Mass = density × volume
Mass of CS2 = 1.26 g/mL × 65 mL = 81.9 g
Next, we need to find the number of moles of CS2. To do this, divide the mass of CS2 by its molar mass.
Molar mass of CS2 = (12.01 g/mol × 1) + (32.07 g/mol × 2) = 76.14 g/mol
Number of moles of CS2 = Mass of CS2 / Molar mass of CS2
Number of moles of CS2 = 81.9 g / 76.14 g/mol = 1.075 mol
Step 2: Calculate the limiting reagent
To determine the limiting reagent, compare the stoichiometric ratio of CS2 to NaOH, which is 3:6. We have 1.075 mol of CS2, so we need to convert this to moles of NaOH.
Based on the stoichiometry, 3 mol of CS2 react with 6 mol of NaOH.
Moles of NaOH = (1.075 mol CS2) × (6 mol NaOH / 3 mol CS2) = 2.15 mol NaOH
Since we have 1.56 mol of NaOH, which is less than the calculated 2.15 mol NaOH, NaOH is the limiting reagent.

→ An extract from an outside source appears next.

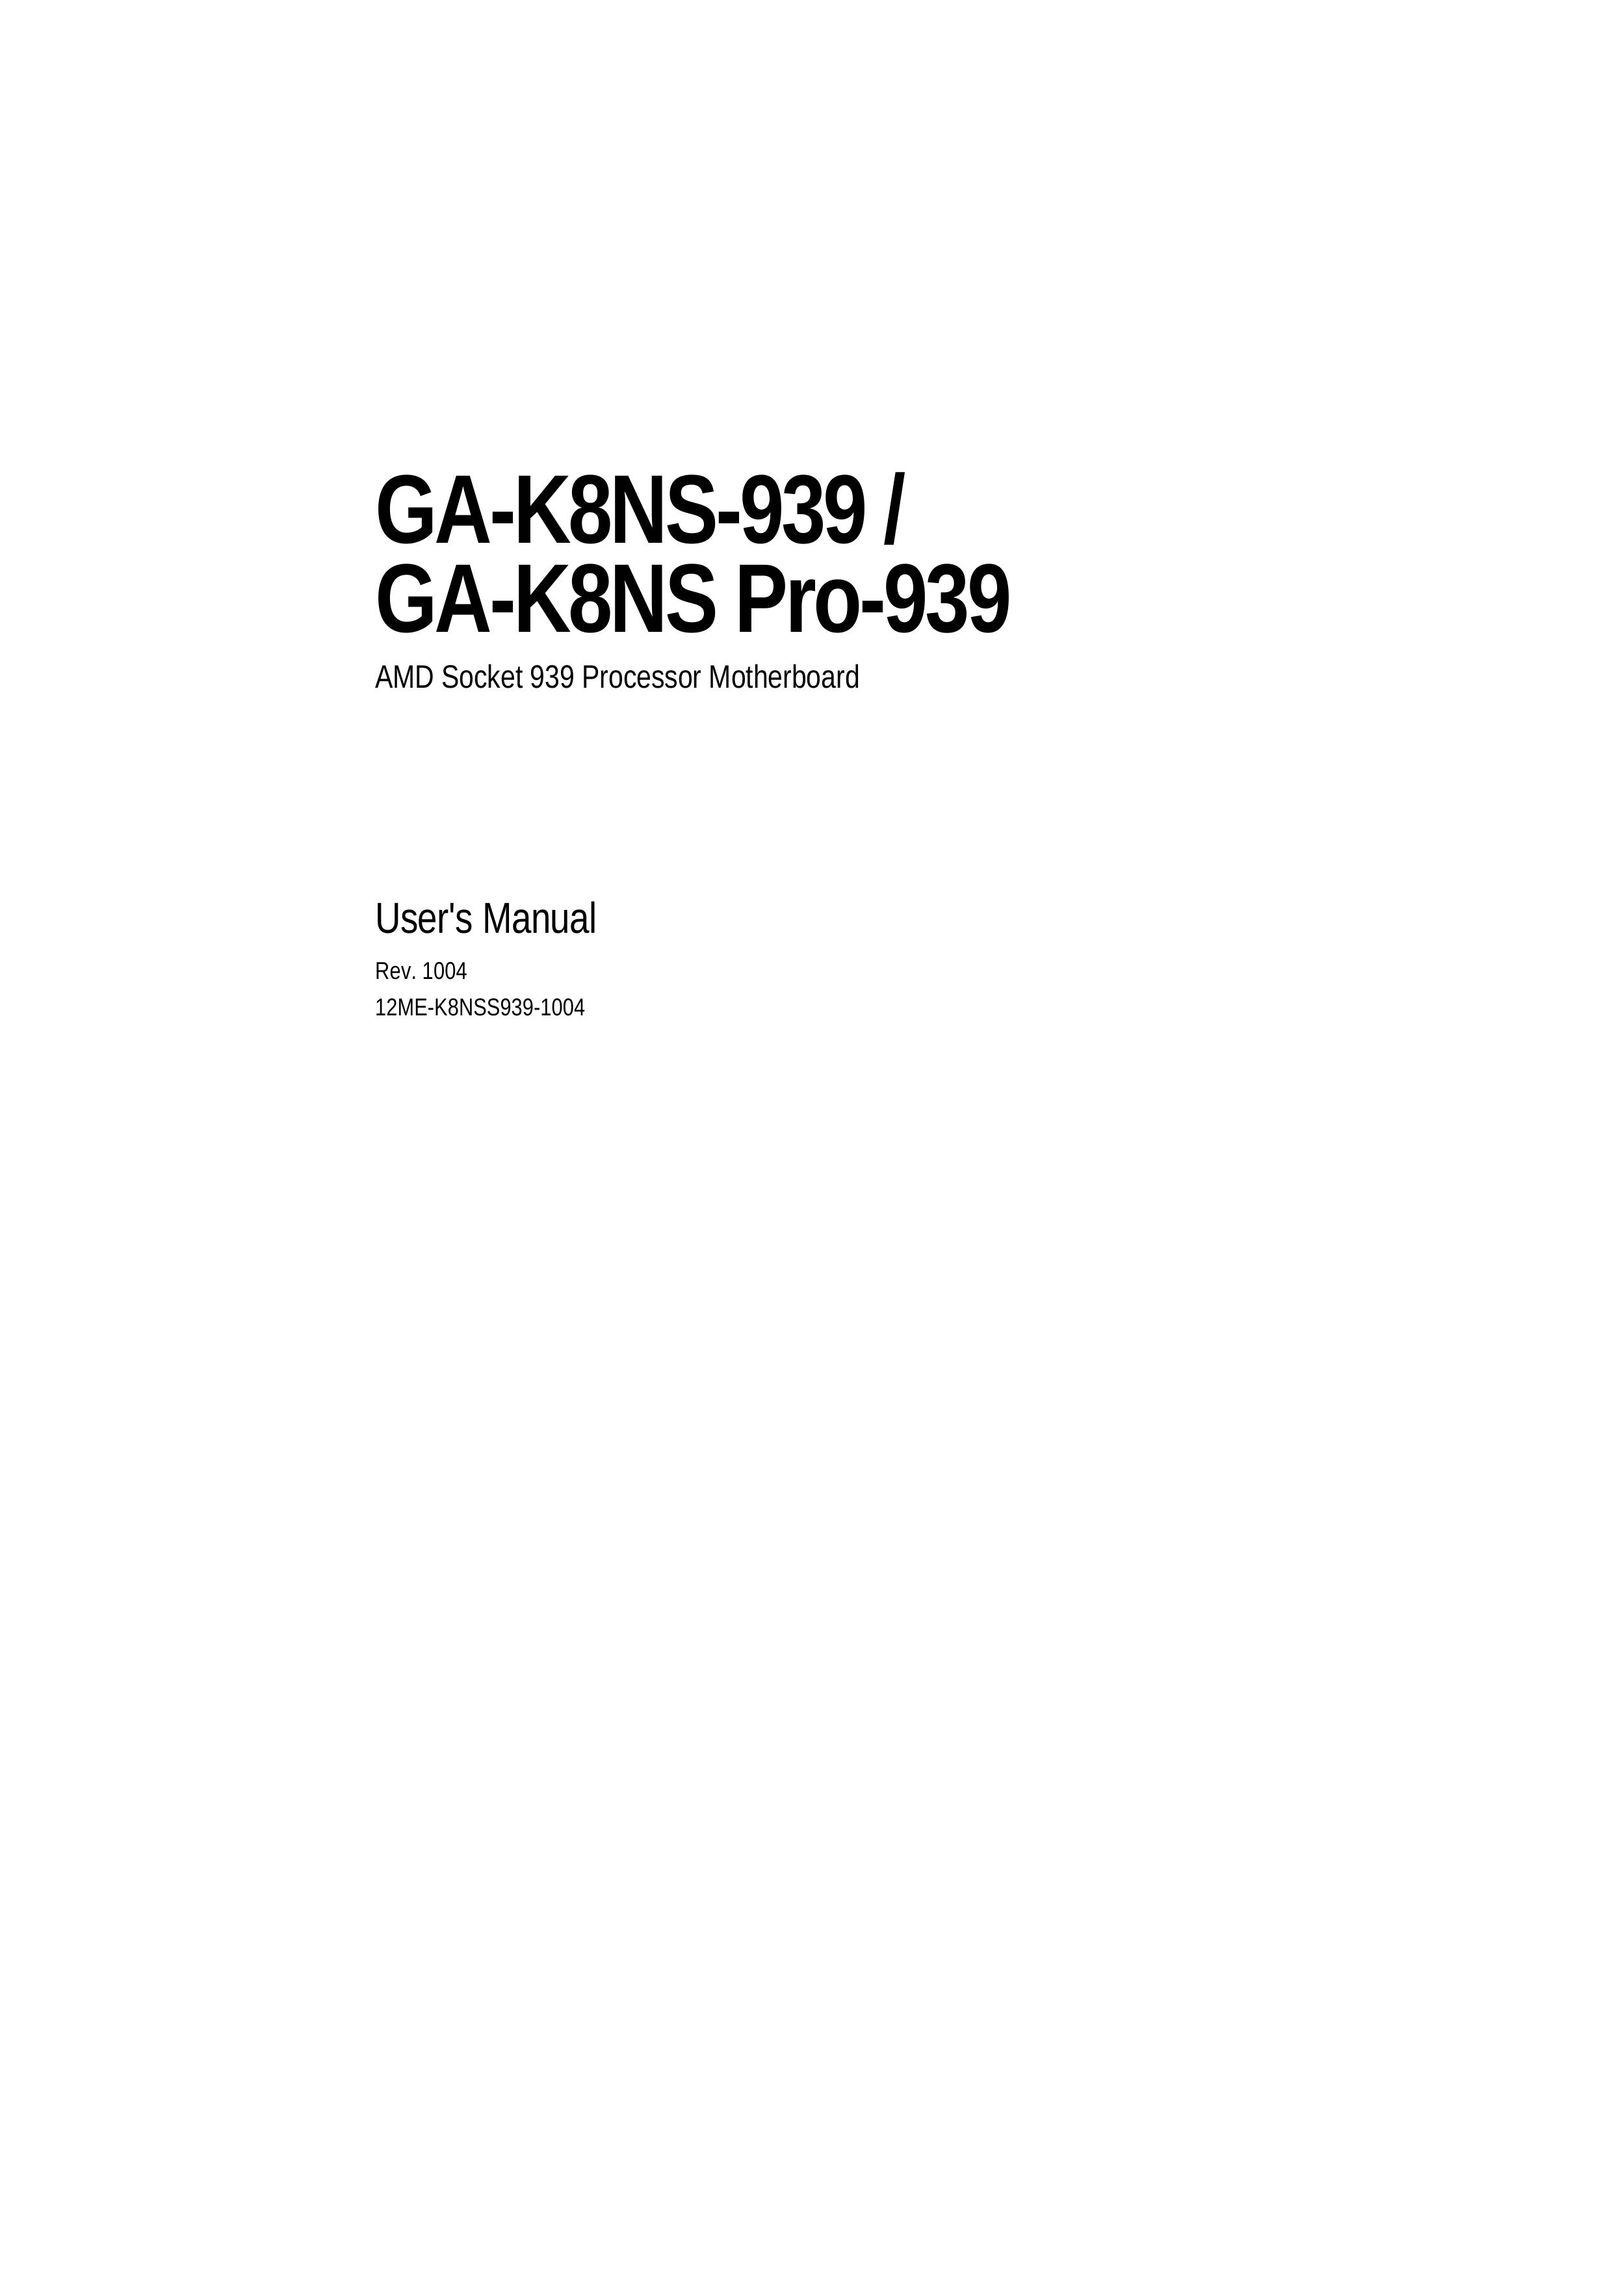 AMD GA-K8NS PRO-939 Computer Hardware User Manual

Step 3: Calculate the moles of Na2CS3 formed
From the balanced equation, we can see that for every 3 mol of CS2, 2 mol of Na2CS3 are produced.
Therefore, the number of moles of Na2CS3 formed is calculated as follows:
Moles of Na2CS3 = (2 mol Na2CS3 / 3 mol CS2) × (1.075 mol CS2)
Moles of Na2CS3 = 0.7167 mol Na2CS3
Step 4: Convert moles of Na2CS3 to grams
Finally, use the molar mass of Na2CS3 to convert moles to grams.
Molar mass of Na2CS3 = (22.99 g/mol × 2) + (12.01 g/mol × 1) + (32.07 g/mol × 1) = 91.07 g/mol
Grams of Na2CS3 = Moles of Na2CS3 × Molar mass of Na2CS3
Grams of Na2CS3 = 0.7167 mol Na2CS3 × 91.07 g/mol ≈ 65.29 g
Therefore, approximately 65.29 grams of Na2CS3 are produced in the reaction.